(RECORDED INFORMATION)

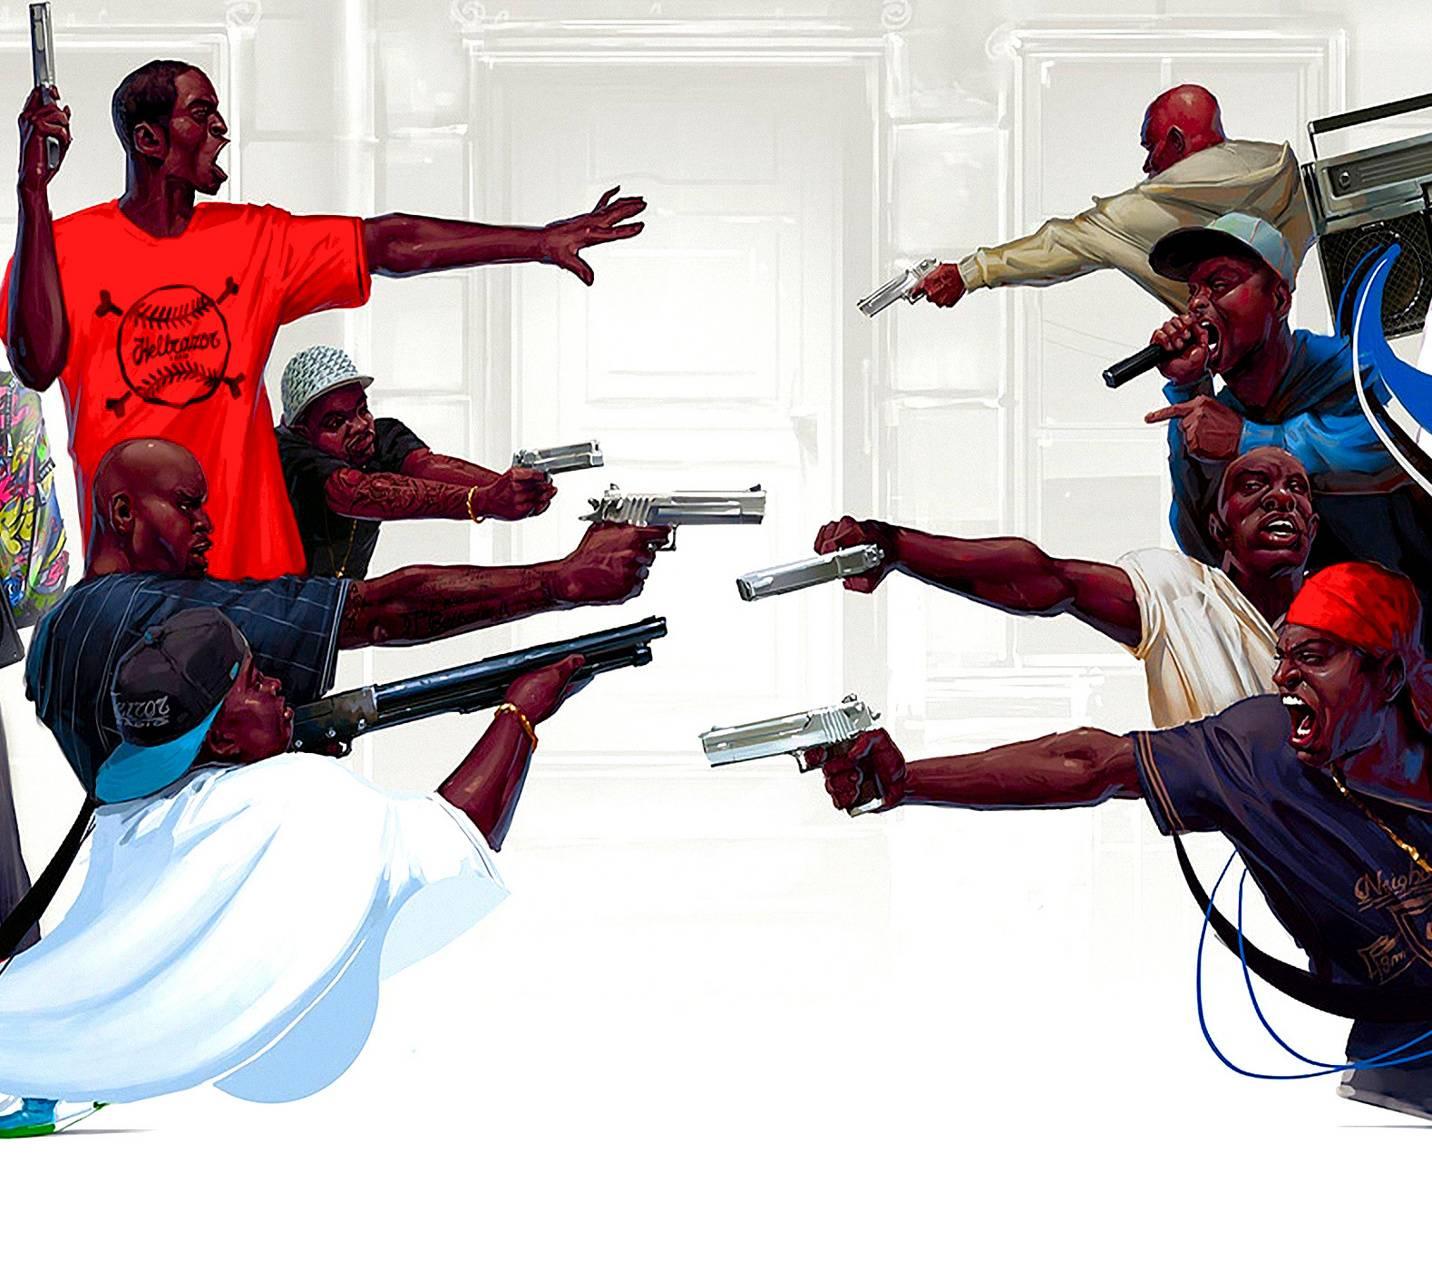 New York Gangs Wallpaper By Loveless1982 A0 Free On Zedge
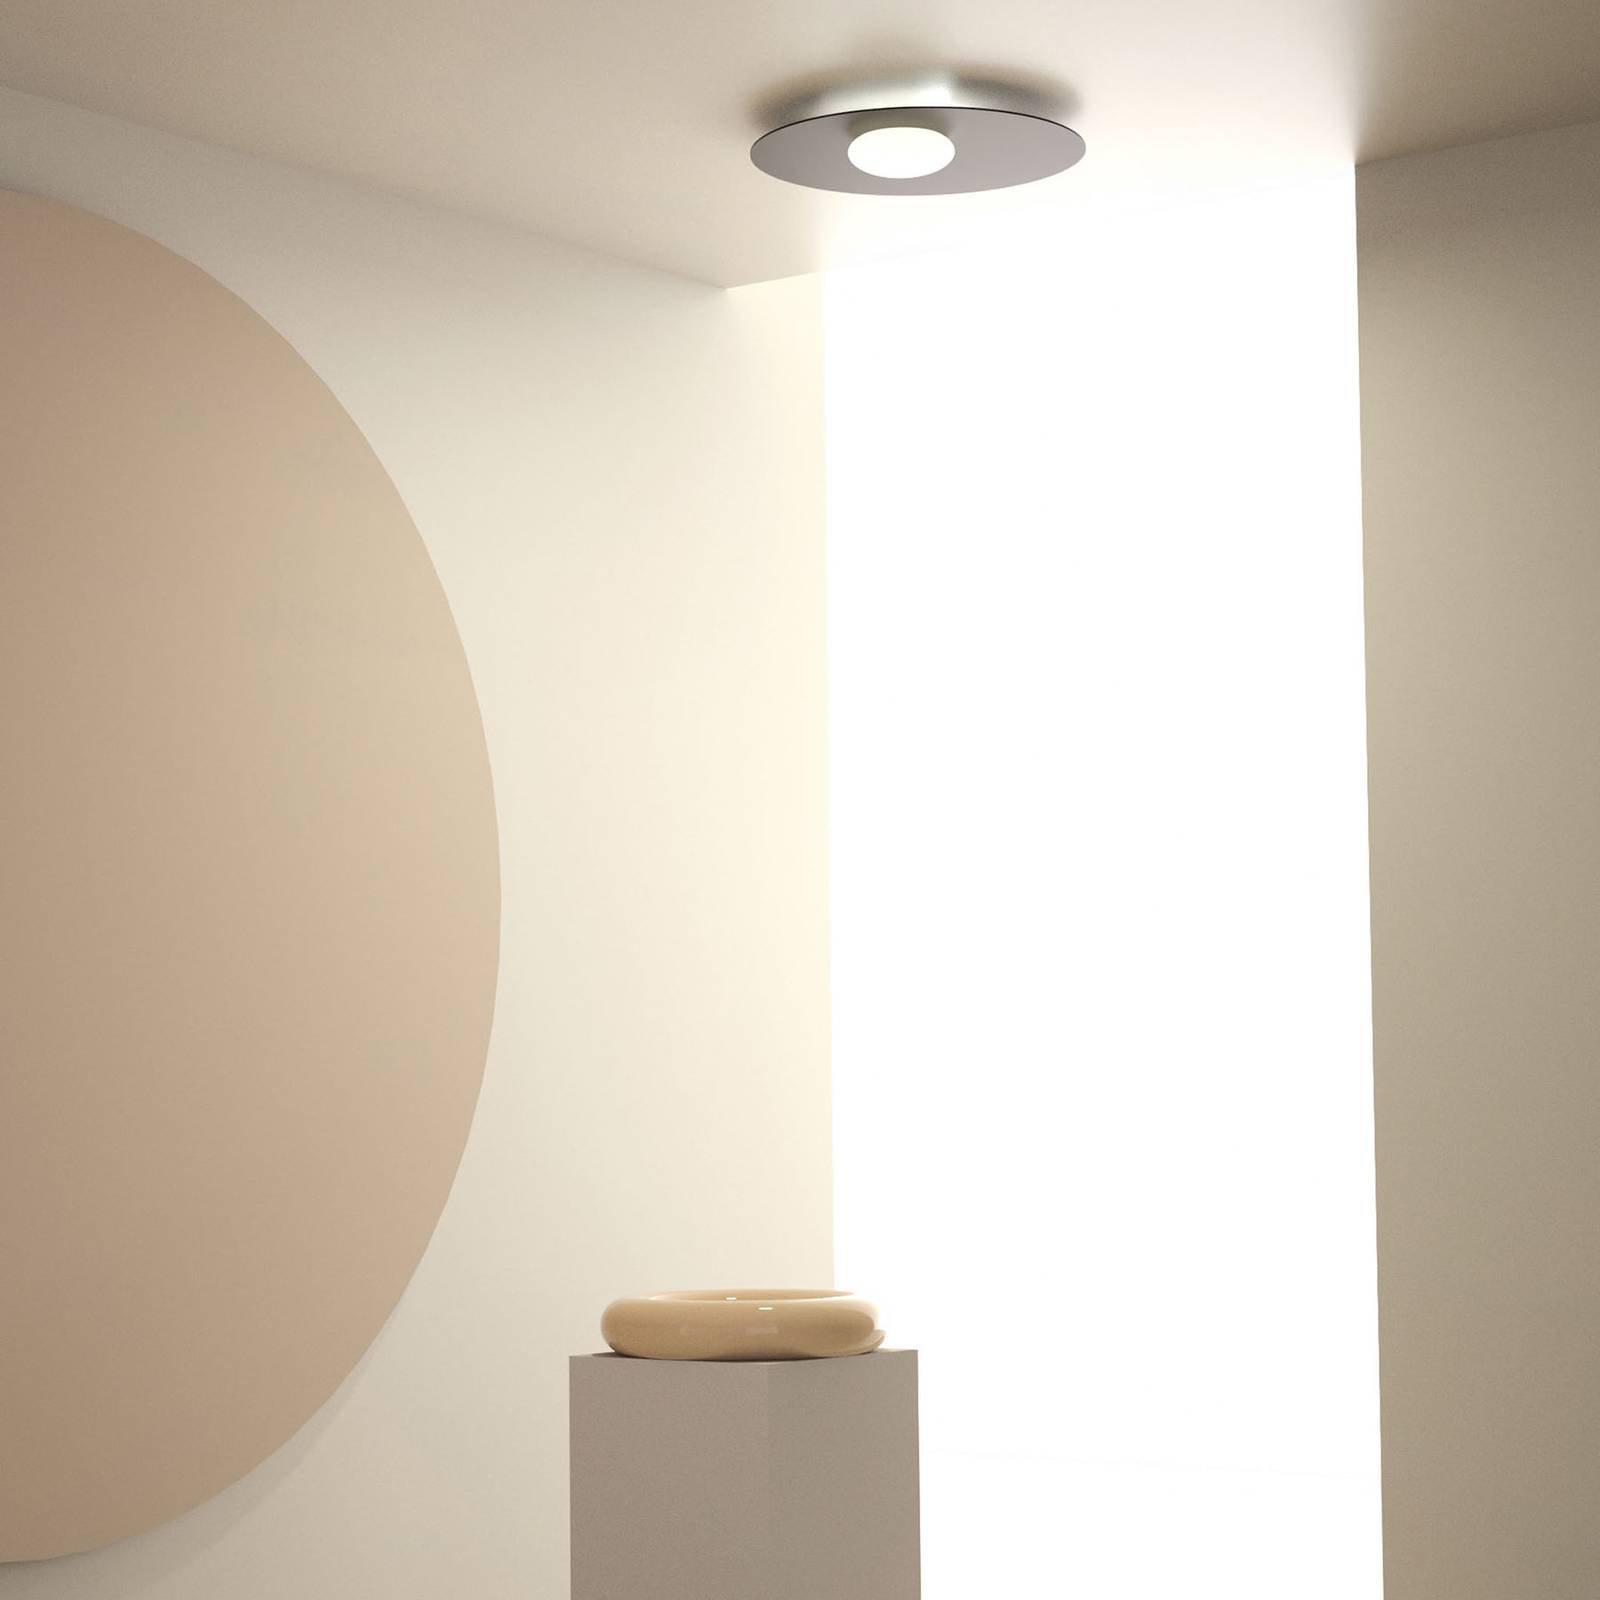 Axolight Kwic LED-taklampe, svart Ø 48 cm
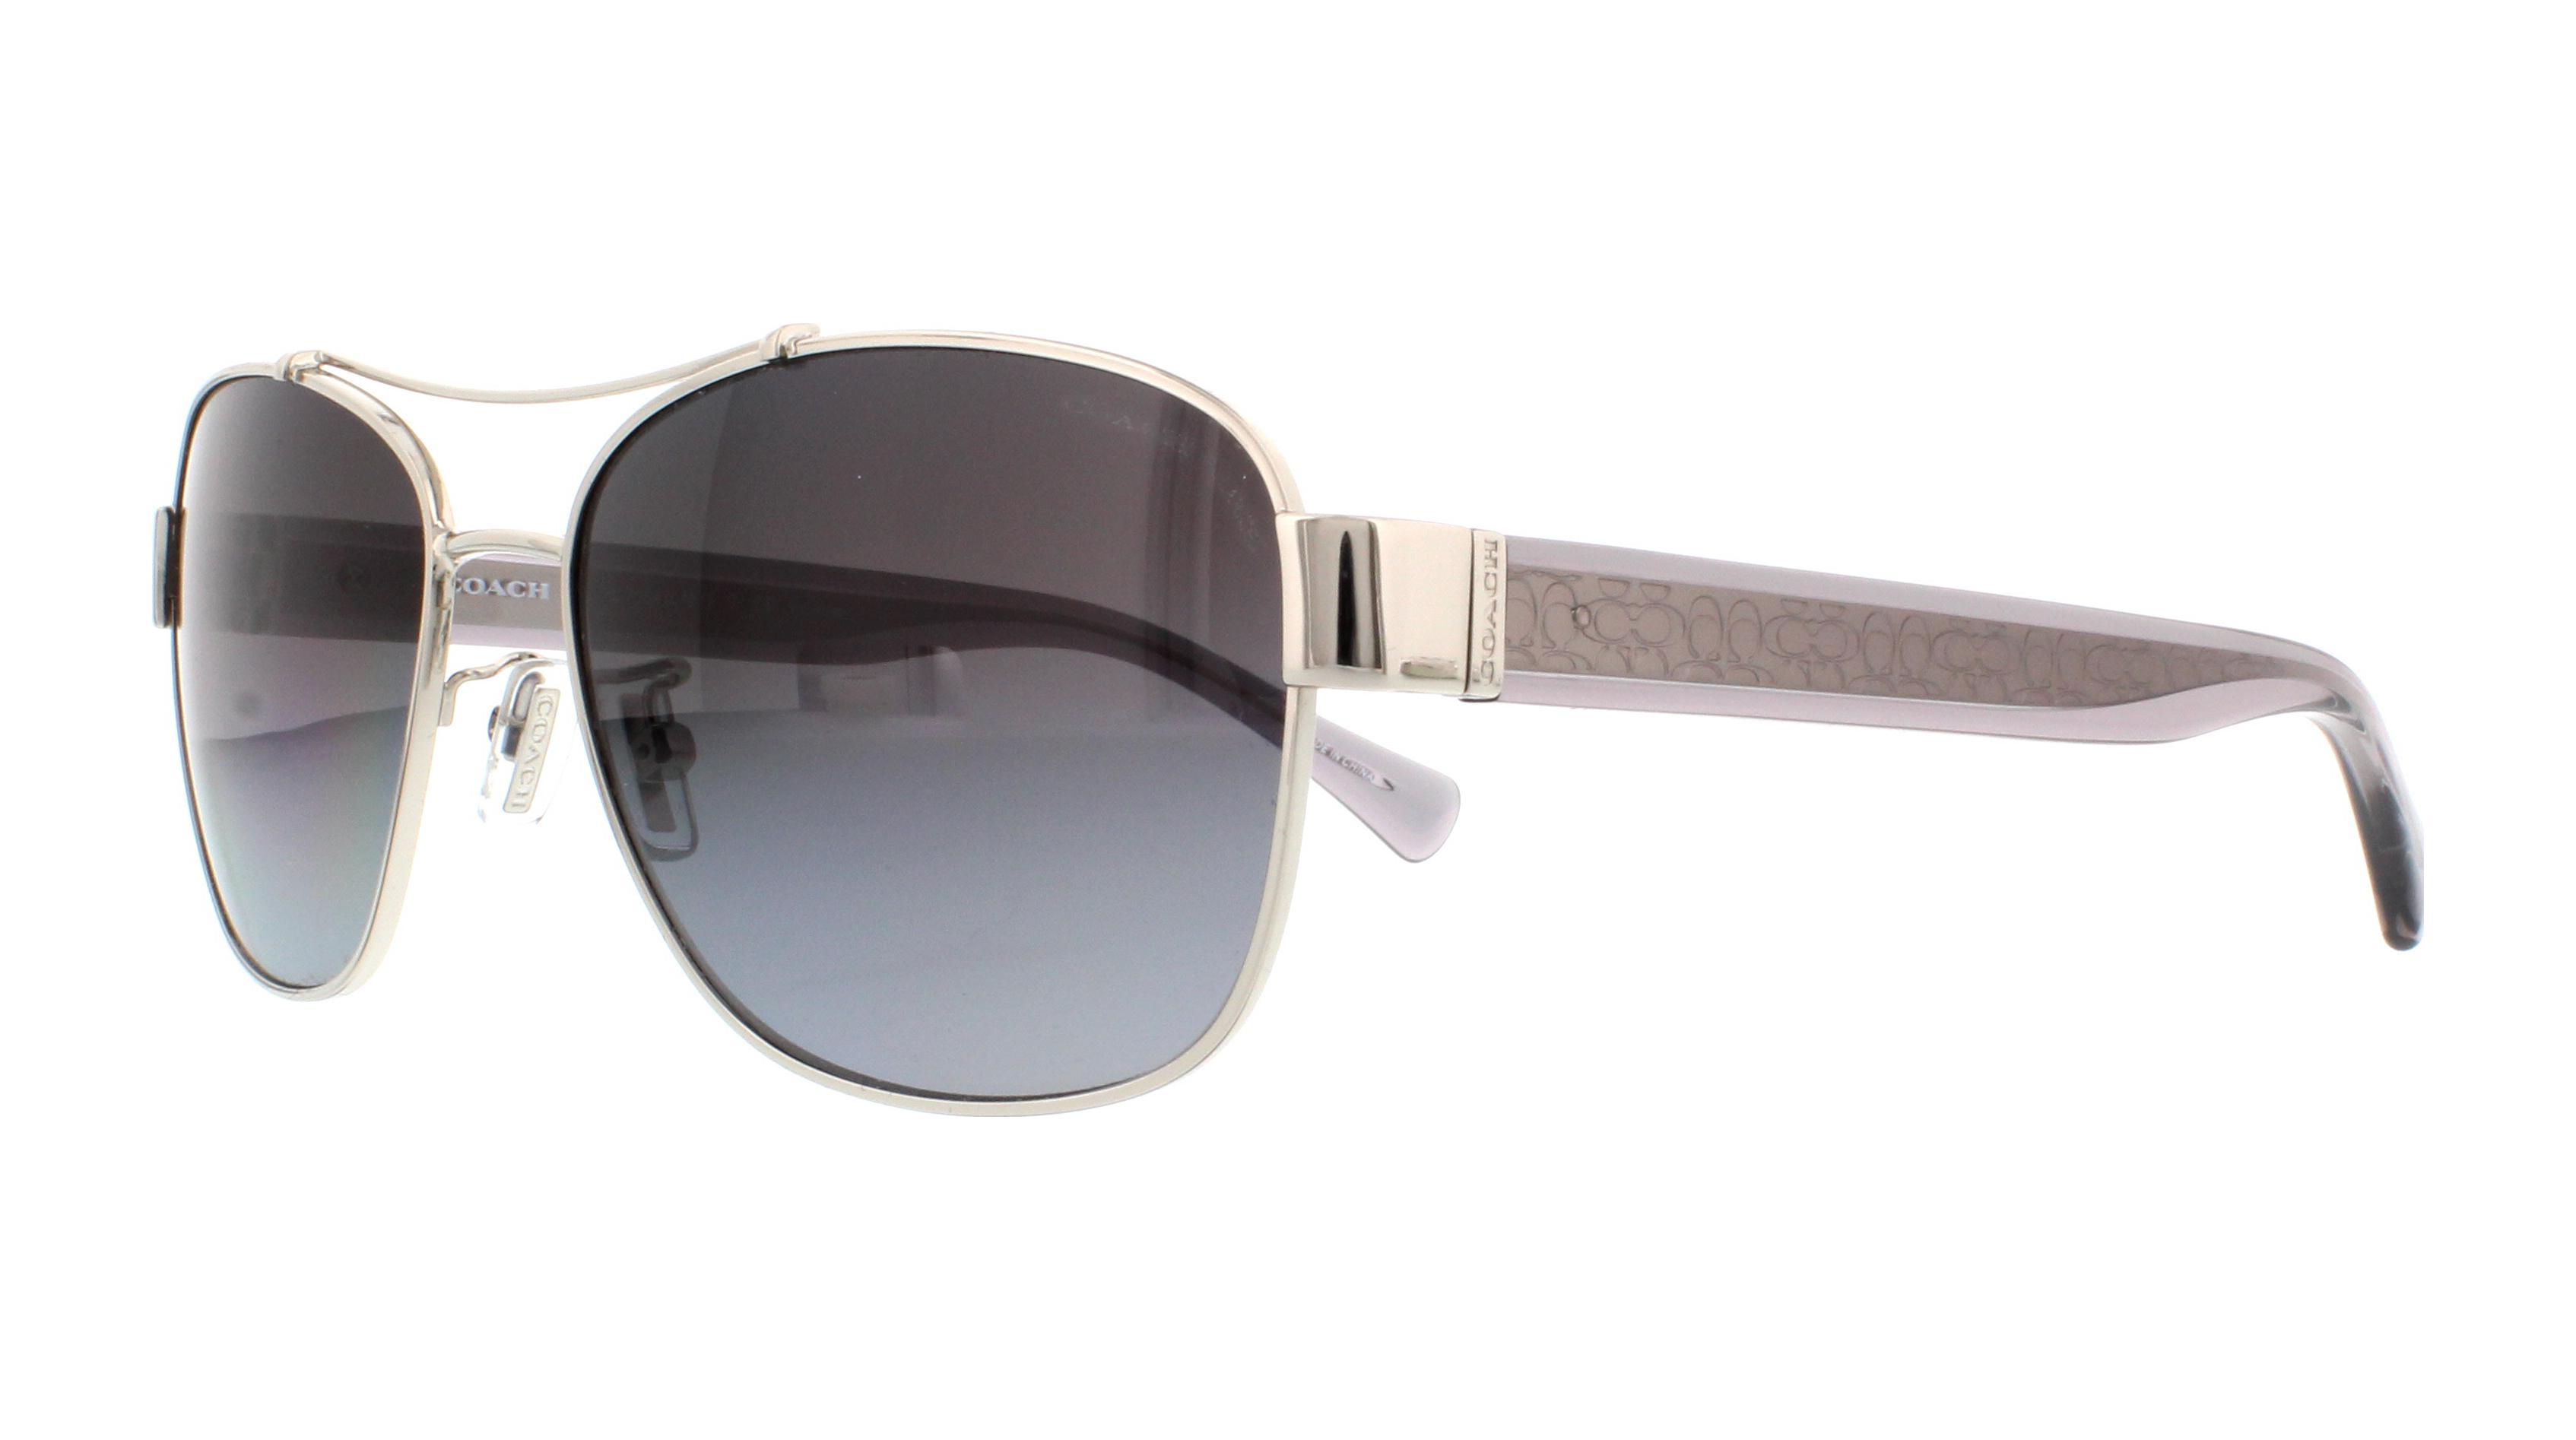 df7baea0f2 ... germany picture of coach sunglasses hc7064 l151 3612a 61bbe ireland  coach hc7064 sunglasses silver ...

(End RECORDED INFORMATION)

→ EXERCISE PROMPT
Take the material above and set it down exactly, minus the images.

→ TASK SOLUTION
 New York Gangs Wallpaper By Loveless1982 A0 Free On Zedge
 Axolight Kwic LED-taklampe, svart Ø 48 cm
 df7baea0f2 ... germany picture of coach sunglasses hc7064 l151 3612a 61bbe ireland  coach hc7064 sunglasses silver ...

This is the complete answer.